**RECORDED DATA:**
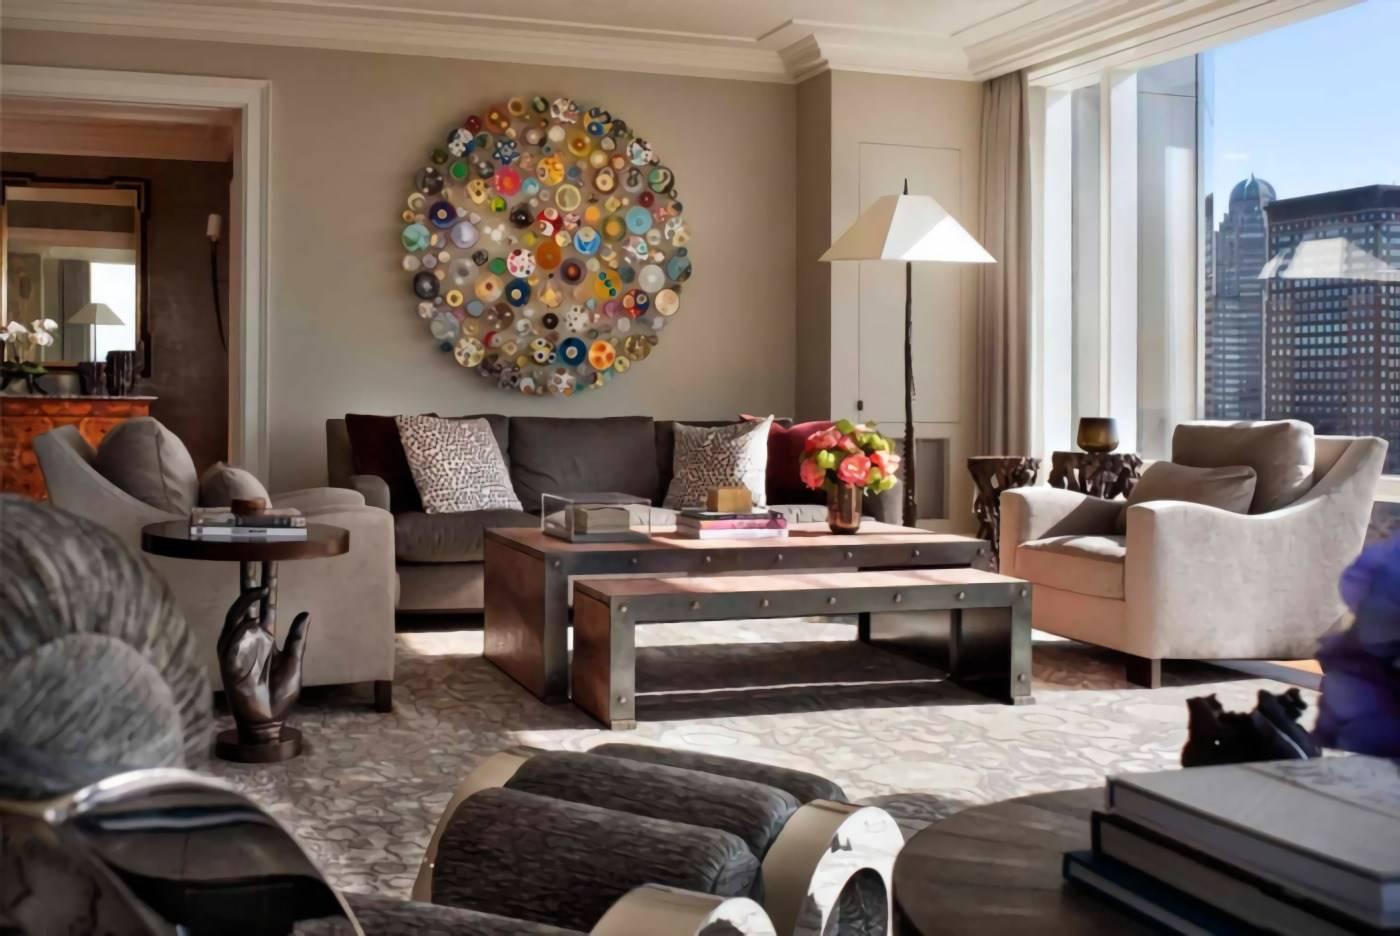 design wohnzimmer mobel holz beautiful i0 wp stormrider clash wp content of design wohnzimmer mobel holz
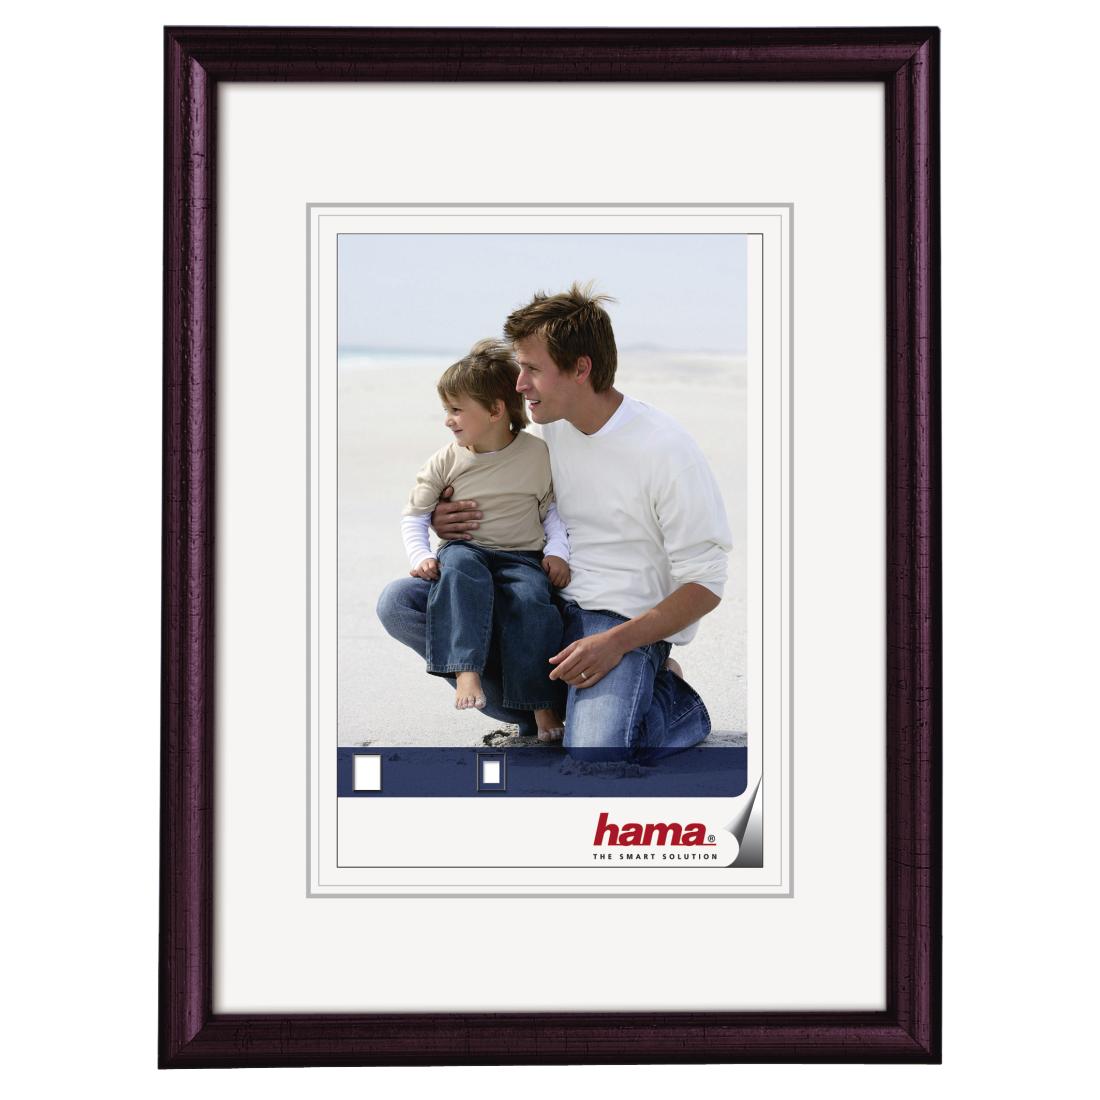 hama.com | 00064939 Hama Holzrahmen \
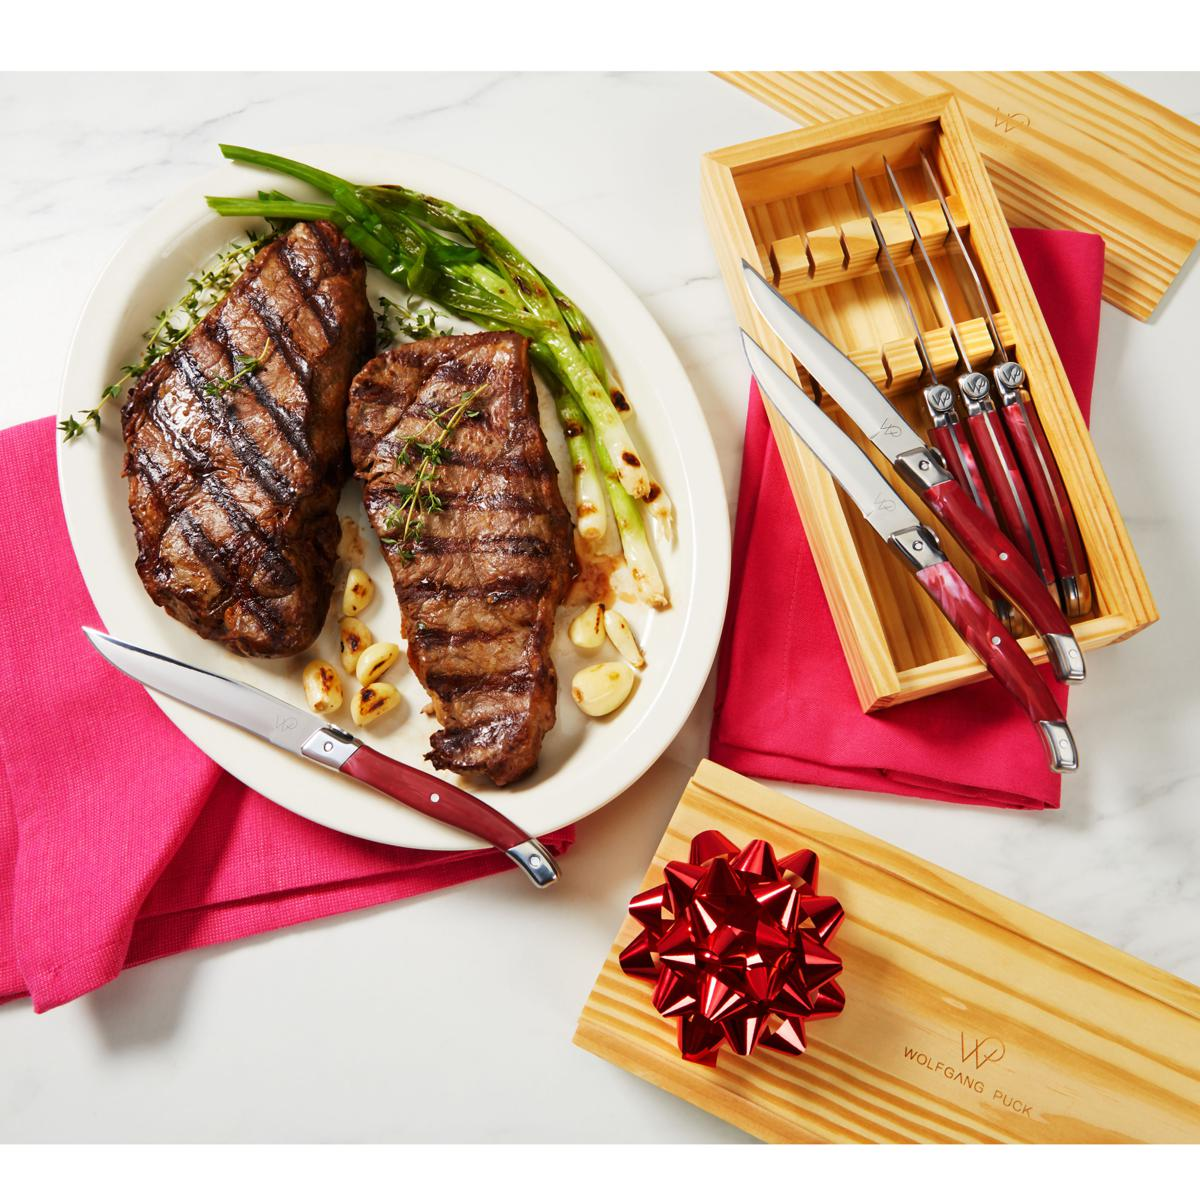 Wolfgang Puck 12pc Carbon Steel Steak Knife Set W Wood

**PROBLEM STATEMENT:** With the pictures removed, write the listing out word for word.

**RESULT BELOW:**
 design wohnzimmer mobel holz beautiful i0 wp stormrider clash wp content of design wohnzimmer mobel holz
 hama.com | 00064939 Hama Holzrahmen \
 Wolfgang Puck 12pc Carbon Steel Steak Knife Set W Wood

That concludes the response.